Sunday , January 29 2023

Enbridge Line 3 faces a new barrier, as the administration of the Minnesota Governor filed an appeal


The administration of the outgoing Governor of Minnesota, Mark Dayton, complained about the approval of the state regulatory committee on the Enbridge Energy plan to replace its old oil pipeline line 3 in the country.

The Ministry of Trade in Minnesota has announced that the commission for utility services has made a wrong decision, since Enbridge, headquartered in Calgary, did not present, and the panel did not correctly assess the type of long-term oil demand forecast required by the state law.

Dayton, who leaves the office on January 7, says in a statement that she strongly supports the appeal.

He said that Enbridge "failed to show that the Minnesota needs this pipeline to meet our future demand for oil. In fact, most of the products will flow through our state to supply other countries and countries."

Line 3, built in the sixties, crosses the northern Minnesota and the North Dakota corner on the road from Alberta to Enbridge's terminal in Superior, Wisconsin.

Line 3 is the largest oil pipeline project in the history of Enbridge. A project of 1,659 kilometers would carry oil from a terminal near Hardisti, Alta., Via North Minnesota to Superior, Vis. (CBC)

Enbridge says it is increasingly vulnerable to corrosion and cracking and can only carry half of its original capacity.

Organic, autochthonous groups also fight against the project

Environmental and indigenous groups fighting this project claim that the replacement will accelerate climate change because it will bear Canadian oil and oil, which generates more carbon dioxide that heats the climate during the production process than conventional oil.

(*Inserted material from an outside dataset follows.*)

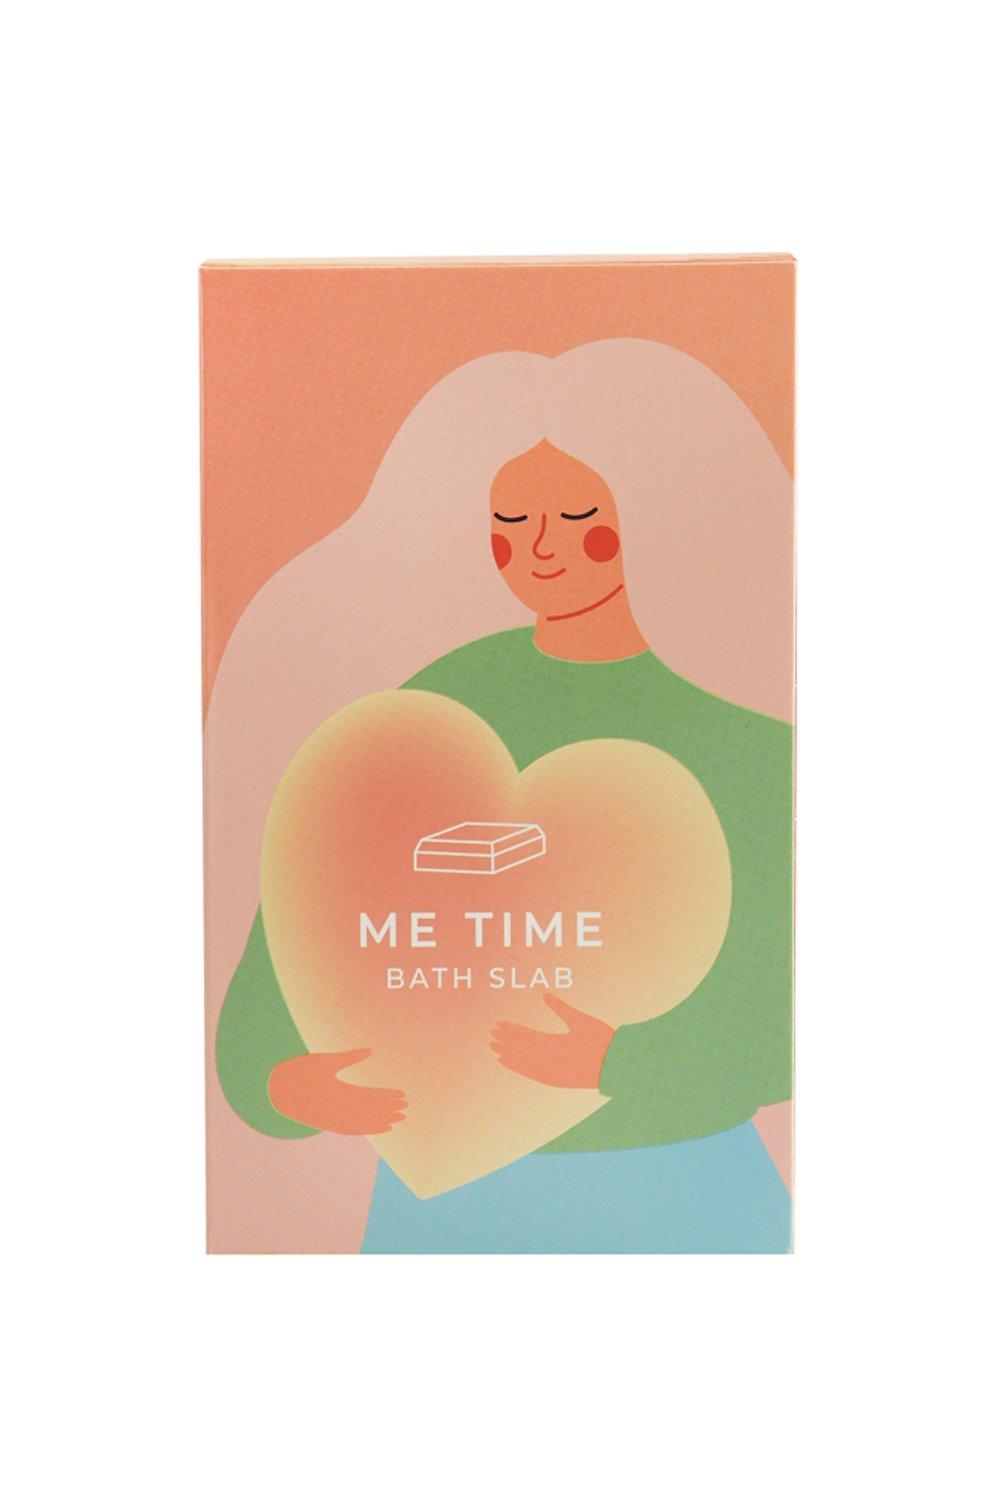 Me Time' Bath Slab Letterbox Card

They also say they are risking oil spills in the Mississippi River region, including untouched waters in which Ojibve reaps wild rice.

These groups filed complaints earlier this week and welcomed the Ministry of Commerce's decision to join them.

The PUC decided this year to issue a certificate of need and permission for the road to the project. She unanimously confirmed that she approved last month's certificate of need and permission for the route last week, allowing her opponents to appeal to the Appellate Court in Minnesota.

"Very disappointing and wrong": Enbridge

Enbridge spokeswoman Judy Kellner said in a statement that Dayton's statement was "very disappointing and wrong" and that the claims of his ministry of trade "were not corroborated by the evidence or Minnesota law."

Kellner said that Enbridge gave multiple, detailed forecasts that show that there will be a need for renewed capacity to replace line 3 in the coming years, and that Enbridge believes the courts will confirm the PUC decisions.

While Dayton appointed all five members of the commission, the committee works independently.

Enbridge says that line 3, built in the 1960s, is increasingly subject to corrosion and cracking and can only carry half of its original capacity. In this photo, Enbridge workers are welding pipes in Manitoba in 2018. (John Woods / Canadian Press)

The PUC has issued a statement stating that it stands on its decision to approve a confirmation of the need, a central issue in the appeals lodged this week. Separate license applications for the route are expected later.

"The Commission based its decision in this proceeding on the applicable law and full evidence after the strong contribution and participation of the parties and the public," the panel said.

In the Minnesota, preparations for construction are in progress, and short segments in Viscounts and North Dakota are already working.

Enbridge expects to complete work in Canada by 1 July and put a full replacement into service in late 2019.